Oysa TTK.m.583,584,592,688,689 ve 690 hükümleri, egemen görüşün aksine hükümleri içermektedir:
1.TTK.nın 583 ve 688. maddeleri, poliçe ve bonoların hangi unsurları taşımaları gerektiğine işaret etmiş, ancak 584 ve 689. maddelerde, bazı unsurları diğerlerinden daha önemli olarak benimsemiş ve bu unsurlar bulunmadıkça bu senetlerin poliçe veya bono niteliğini haiz olmayacakları, açıkça belirtilmiştir.
2.Noksanlığı senetlerin niteliğine etki yapan bu unsurlar arasında senedin tanzim edildiği tarih, yani keşide tarihi de mevcuttur. Düzenlendiği tarihte keşide tarihini ihtiva etmeyen bir senet, TTK.m. 584 ve 689. gereğince, poliçe ve bono olarak kabul edilemez.
3.Keşidecinin ( borçlunun) elinden çıktığı anda poliçe veya bono niteliğini haiz olmayan bir belge alacaklı veya üçüncü bir kişinin fiiliyle sonradan poliçe veya bono niteliğini kazanamaz.

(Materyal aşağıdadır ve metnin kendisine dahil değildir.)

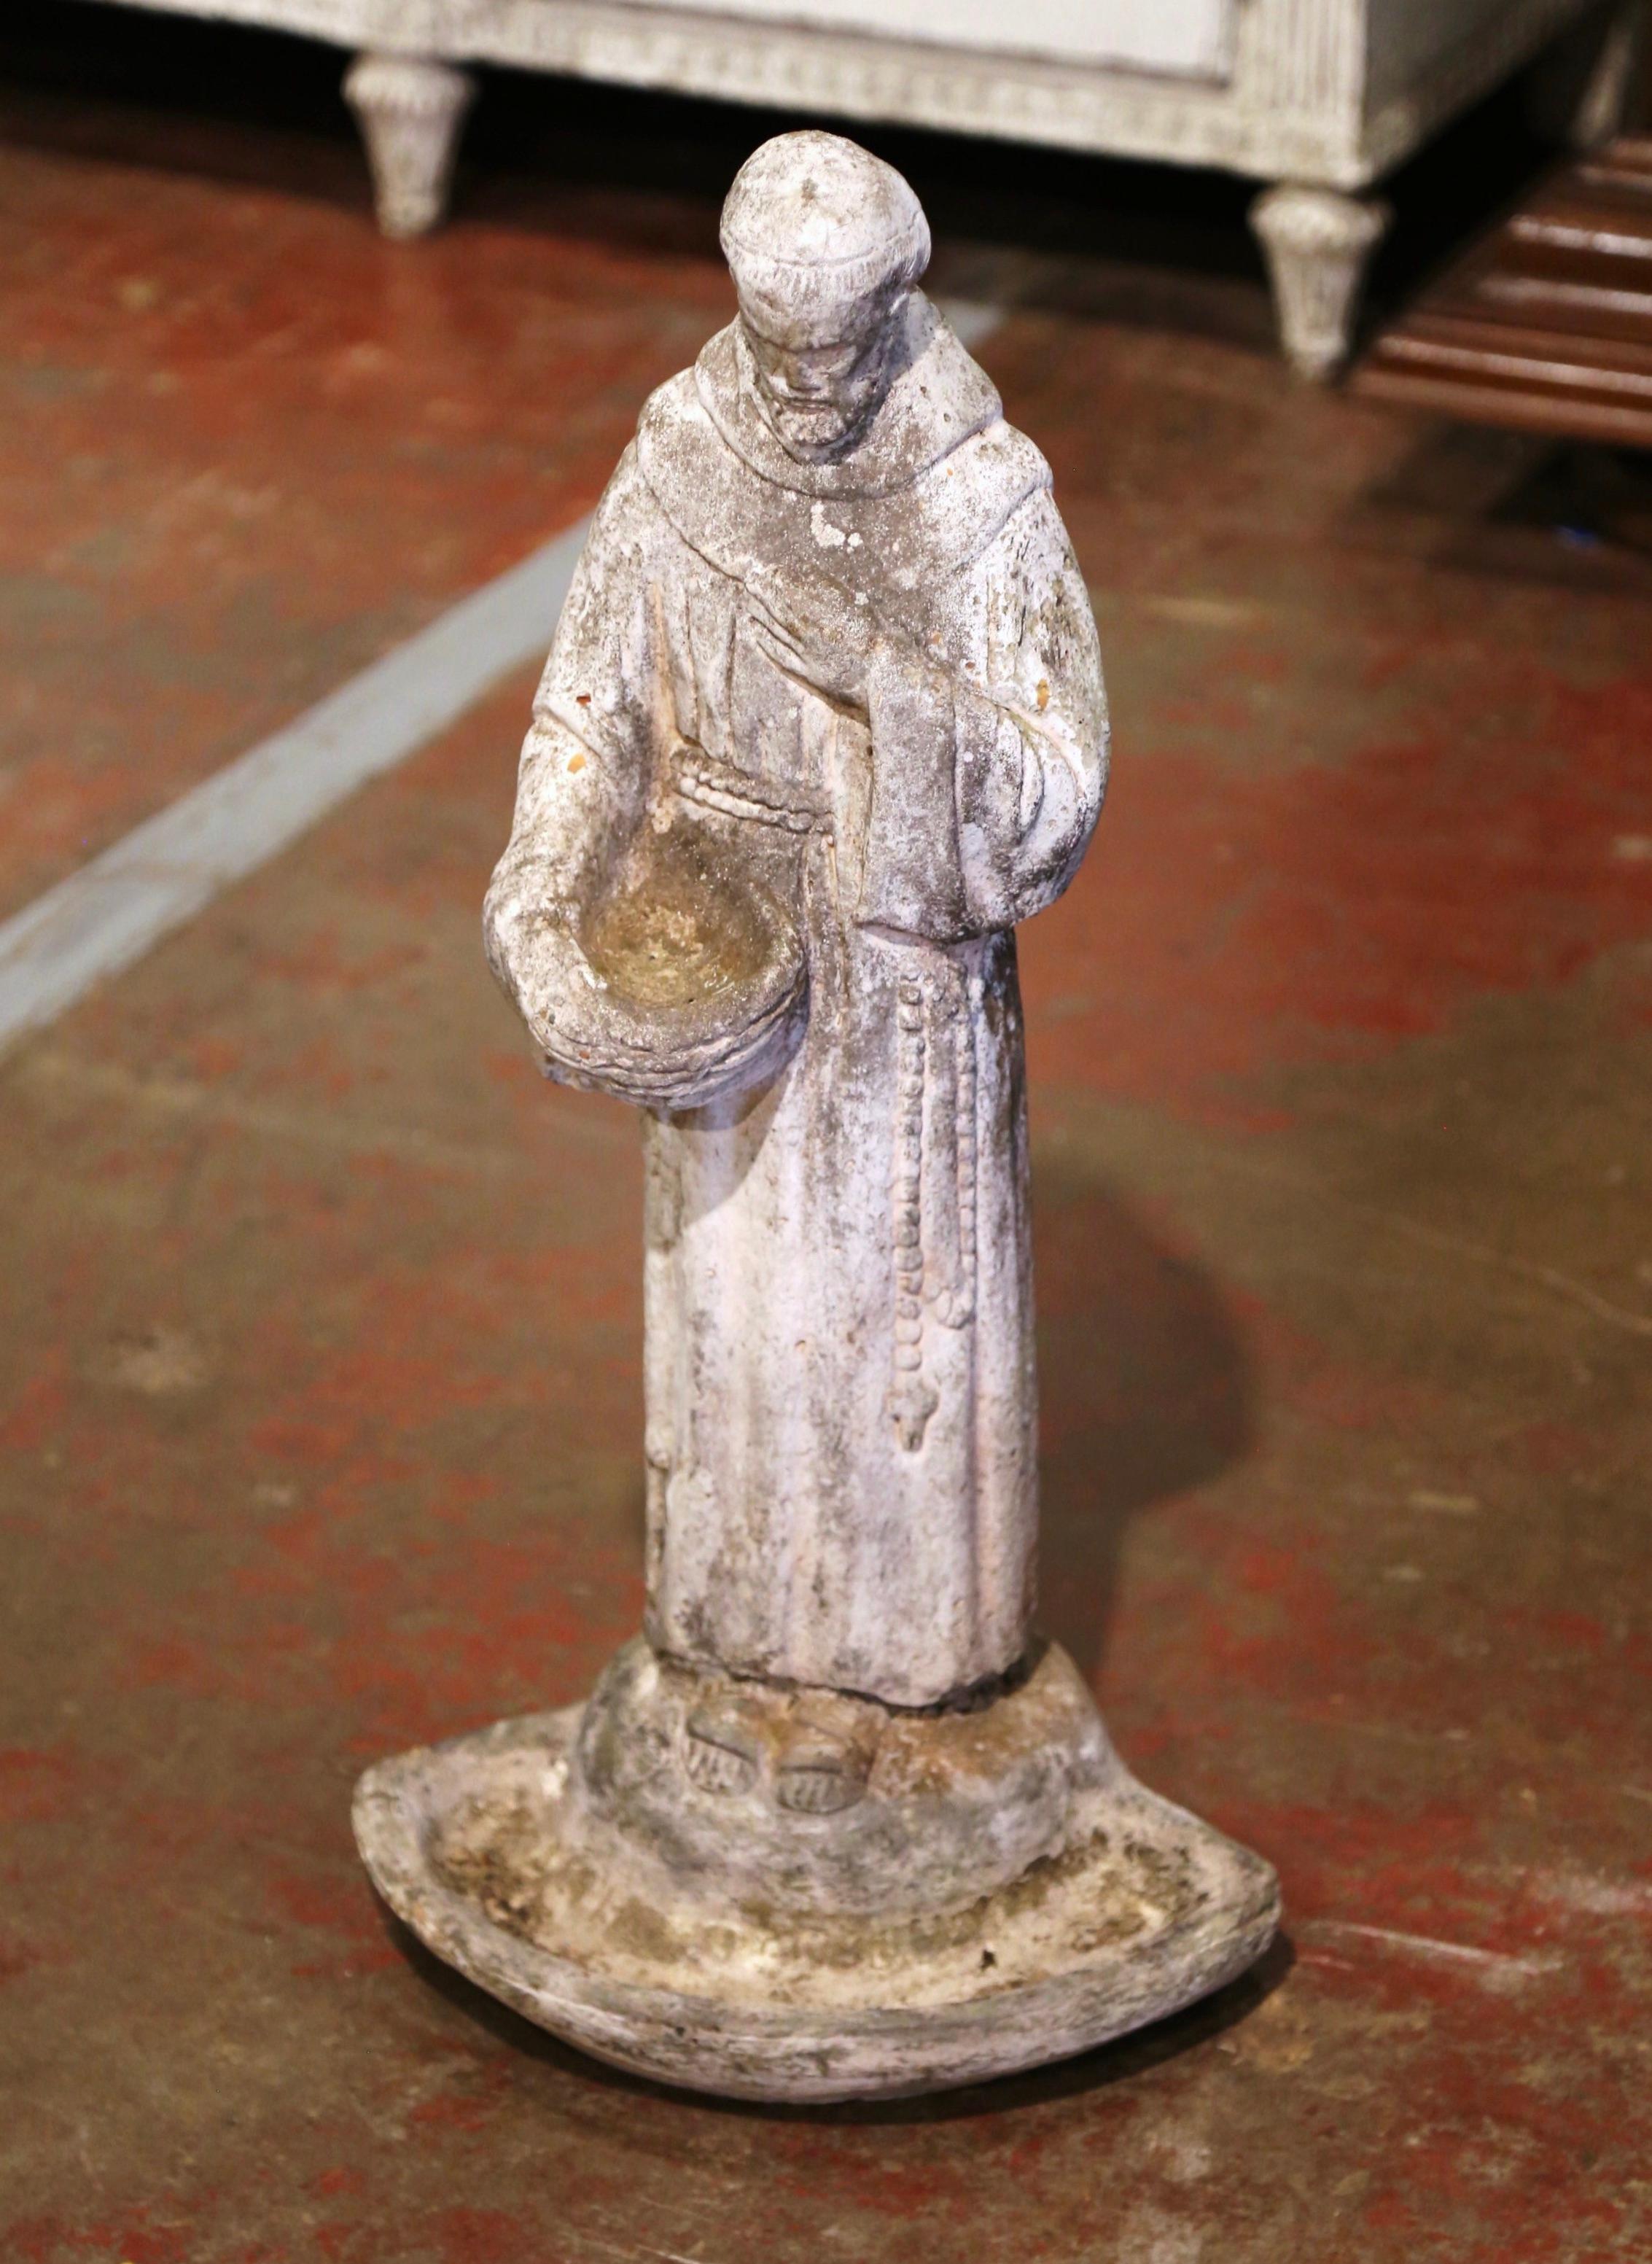 Decorate an outdoor garden with this antique bird bath statue featuring Saint Francis, the saint patron of animals. Crafted in France circa 1880, the carved statue depicts the Saint dressed in cassock, holding a bowl to feed the birds. The garden

4.TTK.nın 592. maddedeki "açık poliçe" hükümleri de yanlış yorumlanmaktadır.. Maddede "Tedavüle çıkarılırken tamamen doldurulmamış bulunan bir poliçe ...... doldurulursa.." denilmektedir, ki bundan, tedavüle çıkarılırken senedin poliçe veya bono olması gerektiği açıkça anlaşılmaktadır.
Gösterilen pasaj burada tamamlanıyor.